Shares in beauty product company Swallowfield (LON:SWL) rose over 10 percent in morning trading on Tuesday, after benefiting from sterling’s weakness over the past year.
Swallowfield, which is involved in the development, formulation, and supply of personal care and beauty products, saw revenue grow 36 percent in the 12 months to June 2017, boosted heavily by their acquisition of The Brand Architekts.
In a statement, the company attributed much of the positive results to the weakness of sterling int the year since the EU referendum, with revenue growth on a constant currency basis of 31 percent.

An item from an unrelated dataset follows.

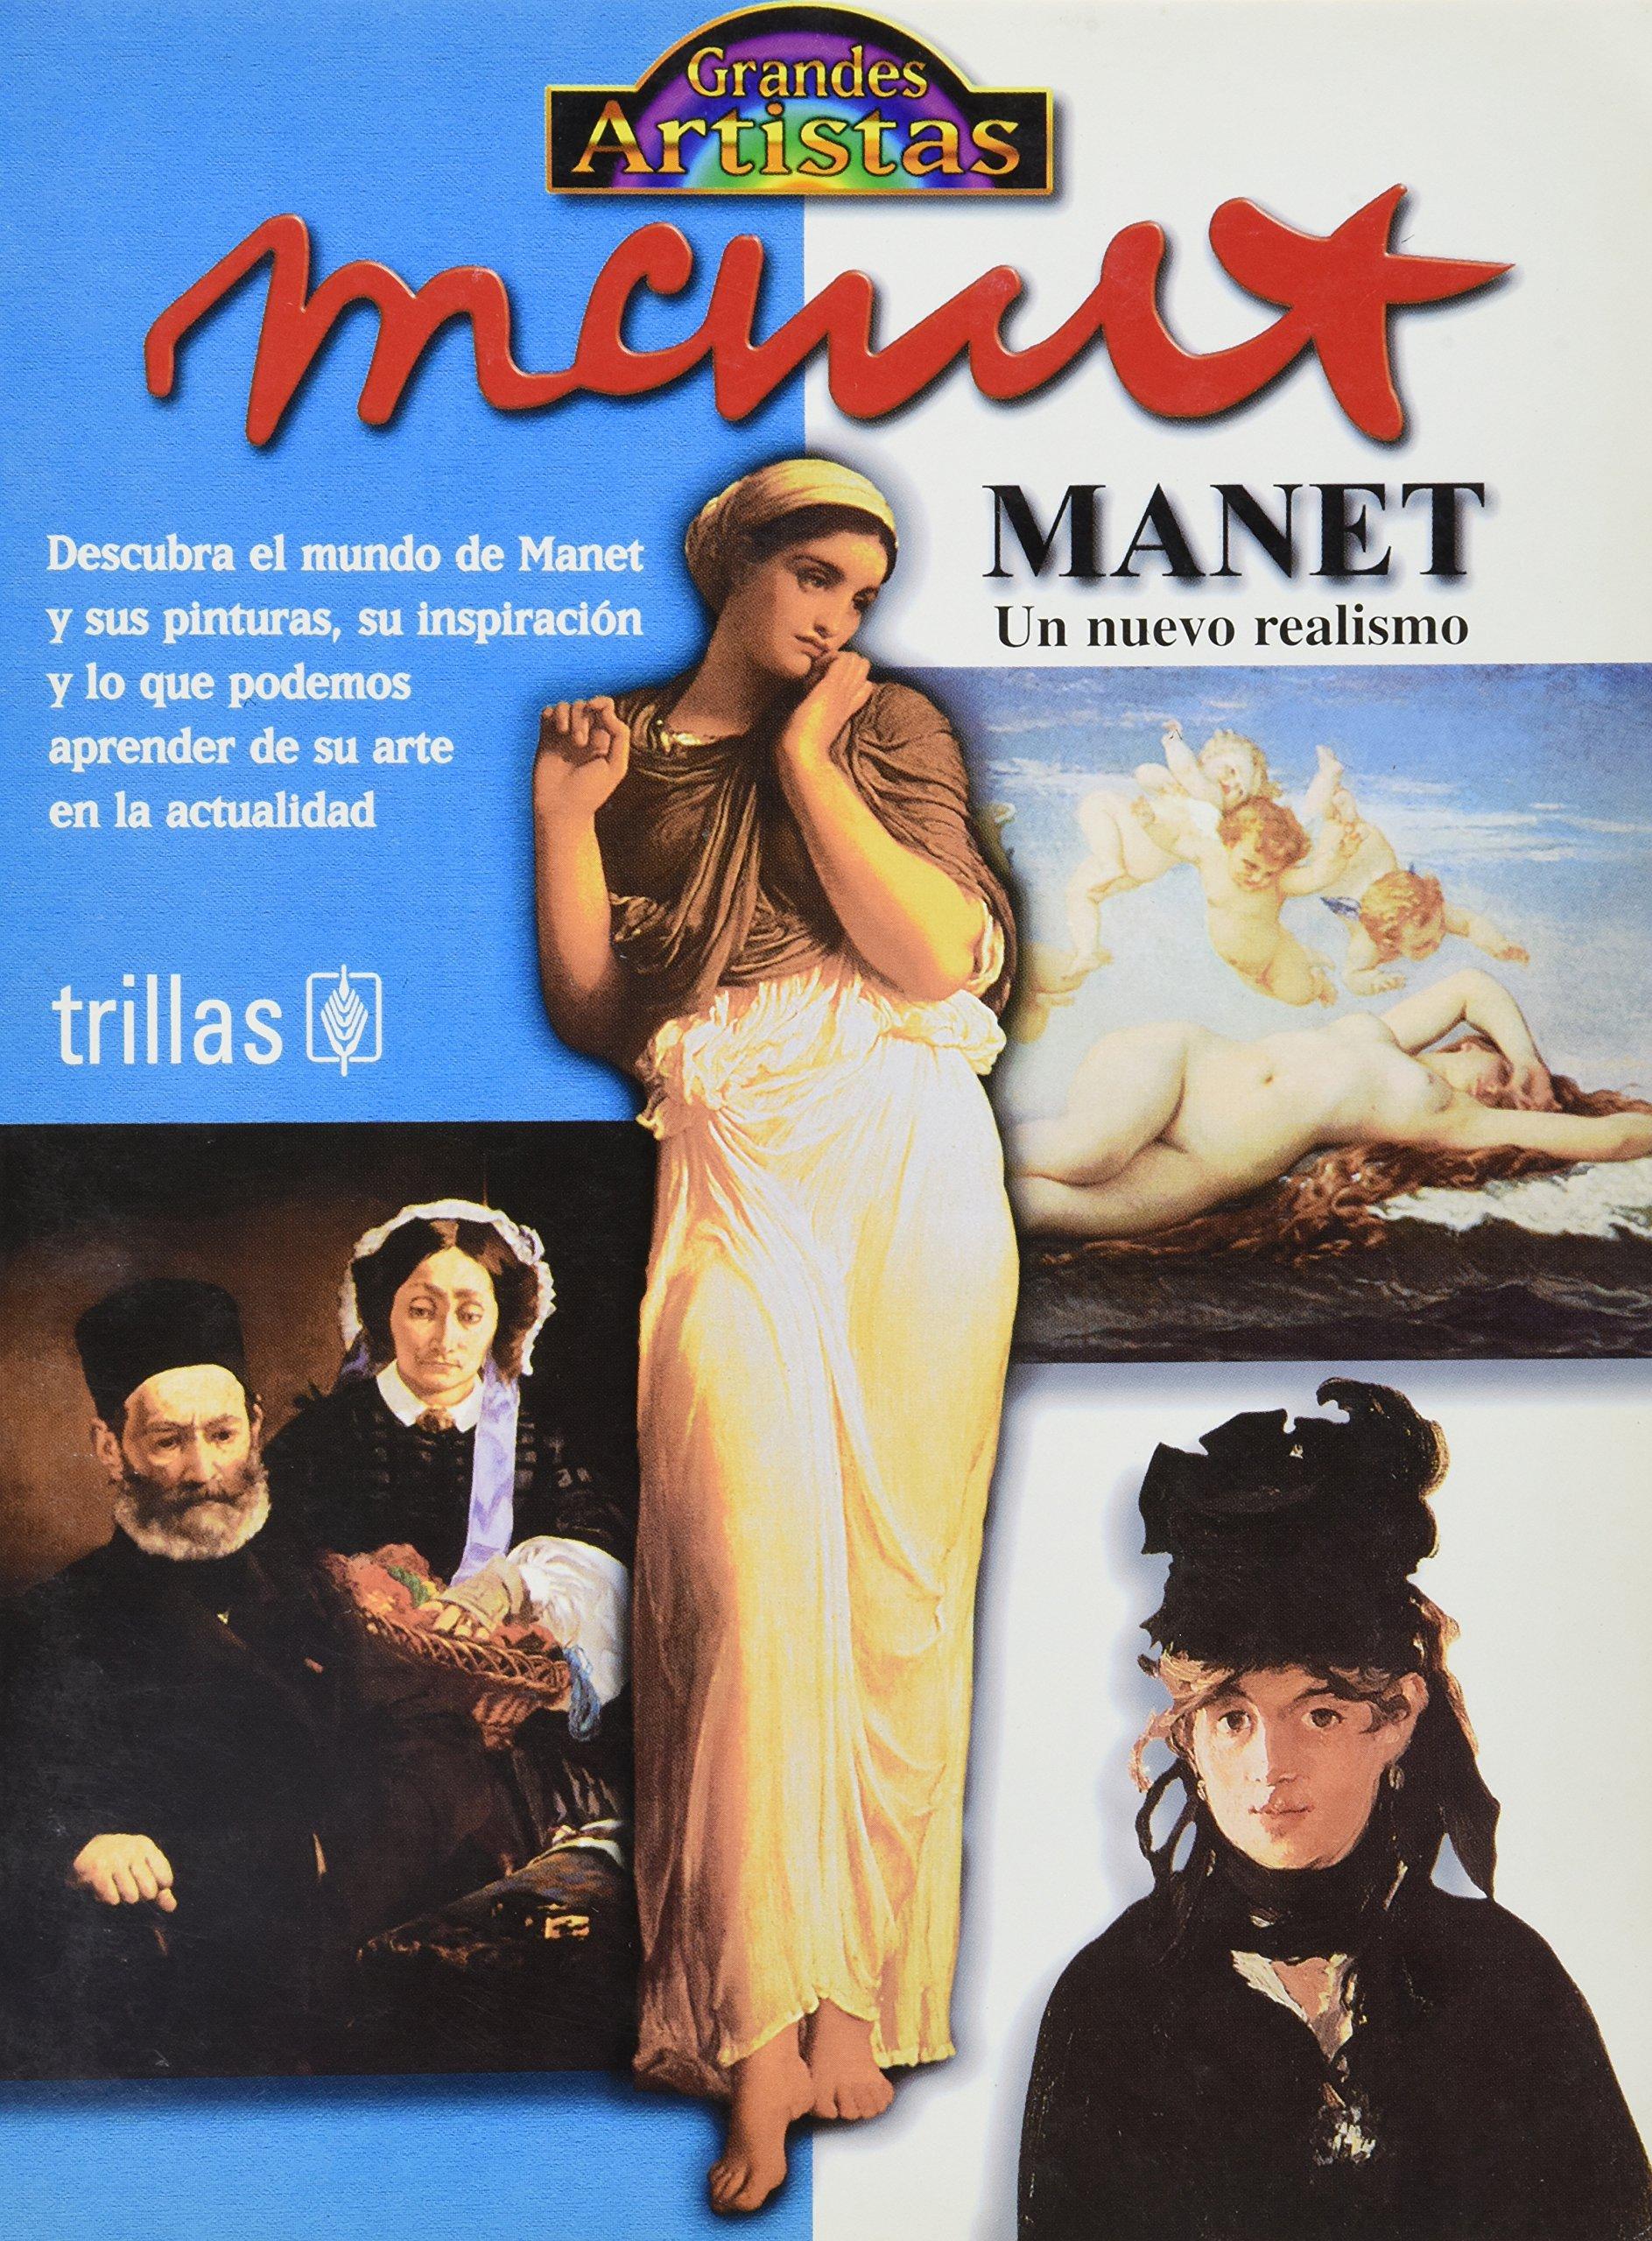 Manet 6: Un Nuevo Realismo (Grandes Artistas/ Great Artists) (Spanish Edition): David Spence: 9789682459085: Amazon.com: Books

Owned brands now represent 24 percent of revenues, with the company proposing a final dividend of 3.5 pence per share. This is in addition to the interim dividend of 1.7 pence already paid, to give a full year dividend of 5.2 pence (2016: 3.1p), an increase of 68 percent.
Chris How, Chief Executive, said of the results:
“It has been a year of excellent progress for the Group with the successful execution of our stated strategy driving us to record levels of sales and underlying profitability. The acquisition of The Brand Architekts has delivered fully against our expectations and has been integrated smoothly and effectively into the Group.
“In our manufacturing business, continued focus on innovation, quality and service has enabled it to perform solidly in its own right, as well as provide important support to the growth of our owned brands.”
Shares in Swallowfield are currently up 11.38 percent at 328.60 (1149GMT).